__Input__.

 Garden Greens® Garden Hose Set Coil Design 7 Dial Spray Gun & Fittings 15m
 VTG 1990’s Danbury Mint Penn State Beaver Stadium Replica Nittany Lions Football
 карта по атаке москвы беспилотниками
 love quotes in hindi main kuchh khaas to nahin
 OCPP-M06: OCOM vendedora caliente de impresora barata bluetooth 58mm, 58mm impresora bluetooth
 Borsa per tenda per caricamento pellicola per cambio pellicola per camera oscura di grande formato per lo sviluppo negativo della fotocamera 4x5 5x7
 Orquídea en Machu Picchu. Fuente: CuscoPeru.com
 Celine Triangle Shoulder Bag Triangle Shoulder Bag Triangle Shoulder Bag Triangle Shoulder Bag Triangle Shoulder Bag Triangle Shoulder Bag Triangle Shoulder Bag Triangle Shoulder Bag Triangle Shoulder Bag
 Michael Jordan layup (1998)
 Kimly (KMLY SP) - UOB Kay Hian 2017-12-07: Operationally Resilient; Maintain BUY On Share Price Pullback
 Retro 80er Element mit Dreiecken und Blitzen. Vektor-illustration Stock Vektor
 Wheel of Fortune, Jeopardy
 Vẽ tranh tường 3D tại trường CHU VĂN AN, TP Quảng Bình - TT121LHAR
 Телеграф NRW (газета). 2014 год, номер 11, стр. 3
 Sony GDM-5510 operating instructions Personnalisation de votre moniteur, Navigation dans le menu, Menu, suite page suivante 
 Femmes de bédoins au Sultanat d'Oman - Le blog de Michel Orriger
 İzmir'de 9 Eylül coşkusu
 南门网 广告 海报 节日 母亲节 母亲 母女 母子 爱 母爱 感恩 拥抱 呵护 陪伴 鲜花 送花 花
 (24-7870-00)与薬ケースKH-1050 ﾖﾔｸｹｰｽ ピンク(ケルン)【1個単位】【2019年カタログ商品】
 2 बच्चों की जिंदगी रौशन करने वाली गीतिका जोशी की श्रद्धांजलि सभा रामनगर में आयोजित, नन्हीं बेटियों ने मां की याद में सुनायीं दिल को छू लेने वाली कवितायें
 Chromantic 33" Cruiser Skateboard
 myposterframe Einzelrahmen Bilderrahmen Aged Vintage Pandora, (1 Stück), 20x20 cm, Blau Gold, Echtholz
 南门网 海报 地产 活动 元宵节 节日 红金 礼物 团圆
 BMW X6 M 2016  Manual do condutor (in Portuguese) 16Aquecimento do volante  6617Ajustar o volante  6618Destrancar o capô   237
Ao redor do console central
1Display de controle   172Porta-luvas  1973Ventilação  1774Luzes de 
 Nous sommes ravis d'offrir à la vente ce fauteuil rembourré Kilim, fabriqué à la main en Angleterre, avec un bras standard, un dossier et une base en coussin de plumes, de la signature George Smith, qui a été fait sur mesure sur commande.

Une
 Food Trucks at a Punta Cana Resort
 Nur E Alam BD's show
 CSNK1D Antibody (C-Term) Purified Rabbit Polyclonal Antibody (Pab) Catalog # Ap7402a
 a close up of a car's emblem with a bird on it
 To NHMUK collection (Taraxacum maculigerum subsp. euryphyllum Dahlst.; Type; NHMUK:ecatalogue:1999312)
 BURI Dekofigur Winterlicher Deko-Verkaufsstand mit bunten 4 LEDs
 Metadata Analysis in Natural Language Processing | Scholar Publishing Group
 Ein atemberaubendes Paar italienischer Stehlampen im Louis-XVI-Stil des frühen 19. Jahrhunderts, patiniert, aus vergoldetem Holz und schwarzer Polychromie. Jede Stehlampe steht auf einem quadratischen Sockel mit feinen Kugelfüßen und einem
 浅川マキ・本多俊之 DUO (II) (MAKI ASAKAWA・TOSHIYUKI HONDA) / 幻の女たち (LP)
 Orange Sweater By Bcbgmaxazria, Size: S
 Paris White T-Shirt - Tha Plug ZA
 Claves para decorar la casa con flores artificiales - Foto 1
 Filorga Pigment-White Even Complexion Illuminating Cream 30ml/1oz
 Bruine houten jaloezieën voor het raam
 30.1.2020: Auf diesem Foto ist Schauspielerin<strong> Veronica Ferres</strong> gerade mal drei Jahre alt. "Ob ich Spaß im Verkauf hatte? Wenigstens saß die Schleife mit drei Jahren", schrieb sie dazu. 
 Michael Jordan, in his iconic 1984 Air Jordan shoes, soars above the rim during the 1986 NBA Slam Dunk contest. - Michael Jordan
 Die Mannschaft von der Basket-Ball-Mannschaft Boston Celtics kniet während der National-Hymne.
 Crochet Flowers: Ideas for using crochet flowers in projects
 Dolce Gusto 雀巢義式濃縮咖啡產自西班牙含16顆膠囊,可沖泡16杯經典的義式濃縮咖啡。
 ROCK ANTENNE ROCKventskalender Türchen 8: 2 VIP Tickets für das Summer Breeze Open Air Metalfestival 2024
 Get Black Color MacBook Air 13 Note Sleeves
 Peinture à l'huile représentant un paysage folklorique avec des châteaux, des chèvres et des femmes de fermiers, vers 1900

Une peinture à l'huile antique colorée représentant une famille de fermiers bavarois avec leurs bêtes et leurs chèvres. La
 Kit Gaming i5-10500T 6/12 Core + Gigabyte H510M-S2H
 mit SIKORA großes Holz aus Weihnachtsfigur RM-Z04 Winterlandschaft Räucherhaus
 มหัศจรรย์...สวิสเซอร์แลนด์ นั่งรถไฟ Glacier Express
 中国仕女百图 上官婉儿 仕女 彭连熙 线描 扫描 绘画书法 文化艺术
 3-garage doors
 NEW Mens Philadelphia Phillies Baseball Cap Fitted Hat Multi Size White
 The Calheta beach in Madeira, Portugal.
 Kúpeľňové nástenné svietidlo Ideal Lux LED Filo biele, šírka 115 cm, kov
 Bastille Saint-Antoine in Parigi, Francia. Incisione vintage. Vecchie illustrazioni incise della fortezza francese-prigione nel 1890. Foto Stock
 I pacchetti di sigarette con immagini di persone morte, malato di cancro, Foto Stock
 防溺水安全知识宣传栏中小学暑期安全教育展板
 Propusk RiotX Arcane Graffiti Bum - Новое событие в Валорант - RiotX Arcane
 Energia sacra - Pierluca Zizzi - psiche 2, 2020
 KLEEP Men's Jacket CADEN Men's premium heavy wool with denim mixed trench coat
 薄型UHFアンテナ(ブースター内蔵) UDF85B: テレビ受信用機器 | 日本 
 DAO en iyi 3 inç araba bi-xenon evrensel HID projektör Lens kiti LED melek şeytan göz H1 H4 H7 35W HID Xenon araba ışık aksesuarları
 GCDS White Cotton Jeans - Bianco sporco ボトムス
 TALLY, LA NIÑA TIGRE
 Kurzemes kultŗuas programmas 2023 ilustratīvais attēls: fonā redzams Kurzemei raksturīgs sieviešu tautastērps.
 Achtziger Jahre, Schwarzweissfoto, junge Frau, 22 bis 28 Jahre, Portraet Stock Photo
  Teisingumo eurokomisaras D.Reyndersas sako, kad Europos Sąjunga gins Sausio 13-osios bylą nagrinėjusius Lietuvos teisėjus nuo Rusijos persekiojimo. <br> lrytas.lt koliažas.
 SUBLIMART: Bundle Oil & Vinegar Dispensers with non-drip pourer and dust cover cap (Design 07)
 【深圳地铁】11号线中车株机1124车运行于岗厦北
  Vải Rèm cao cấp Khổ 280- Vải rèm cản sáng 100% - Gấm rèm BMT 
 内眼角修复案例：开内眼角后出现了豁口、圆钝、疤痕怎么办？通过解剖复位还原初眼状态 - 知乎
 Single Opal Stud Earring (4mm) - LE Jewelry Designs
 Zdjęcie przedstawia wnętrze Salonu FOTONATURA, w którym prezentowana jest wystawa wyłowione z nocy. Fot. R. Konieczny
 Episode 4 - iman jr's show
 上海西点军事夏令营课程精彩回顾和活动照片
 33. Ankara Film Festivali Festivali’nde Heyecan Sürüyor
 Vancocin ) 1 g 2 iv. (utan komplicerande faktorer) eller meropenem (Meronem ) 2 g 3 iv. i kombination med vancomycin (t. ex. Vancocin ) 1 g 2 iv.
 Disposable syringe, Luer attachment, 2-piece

__Work task__.
Scan the records above for the string "fermiers", then report every line that contains it.

__Problem solution__.
 Peinture à l'huile représentant un paysage folklorique avec des châteaux, des chèvres et des femmes de fermiers, vers 1900
Une peinture à l'huile antique colorée représentant une famille de fermiers bavarois avec leurs bêtes et leurs chèvres. La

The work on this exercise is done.